#### Listed entries ####

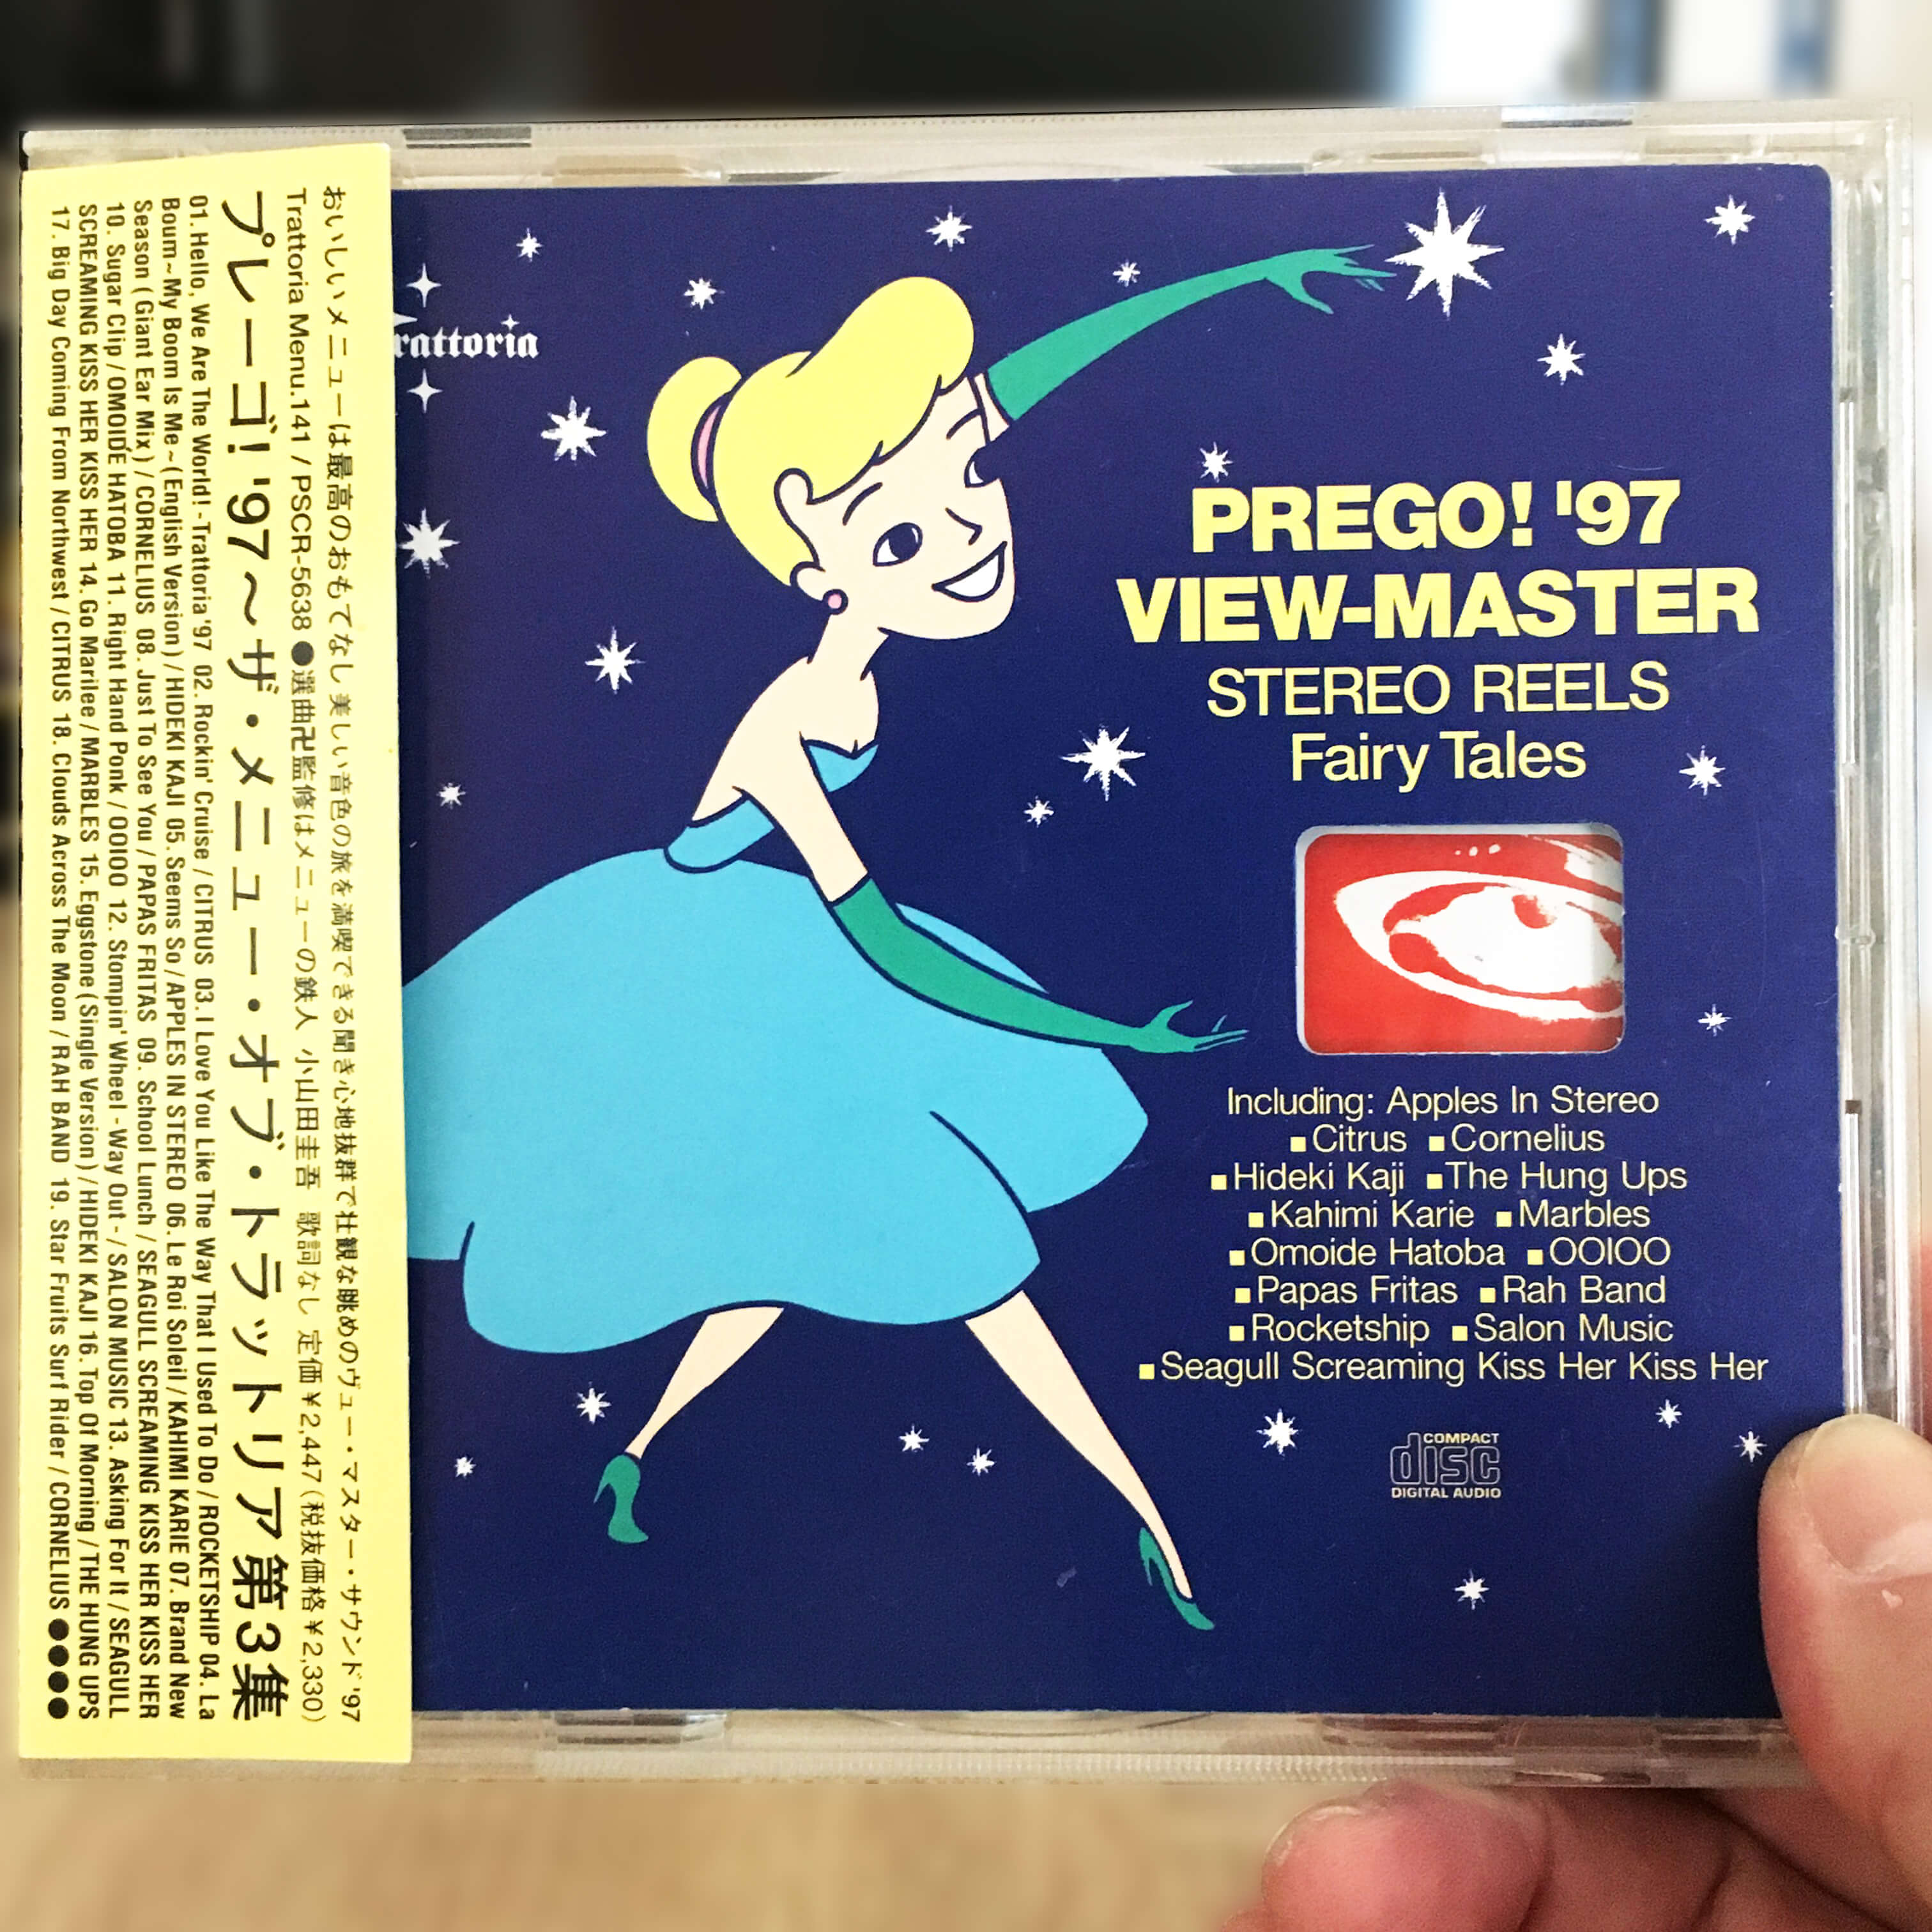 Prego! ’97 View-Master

####
#### Listed entries ####

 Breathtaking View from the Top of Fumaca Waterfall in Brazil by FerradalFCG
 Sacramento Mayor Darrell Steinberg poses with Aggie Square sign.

####

* **Work to be completed**: Above are some records; copy exactly the lines from the one with "Breathtaking View from" through the one with "Sacramento Mayor Darrell", both included, and no others.

* **Task result**:
 Breathtaking View from the Top of Fumaca Waterfall in Brazil by FerradalFCG
 Sacramento Mayor Darrell Steinberg poses with Aggie Square sign.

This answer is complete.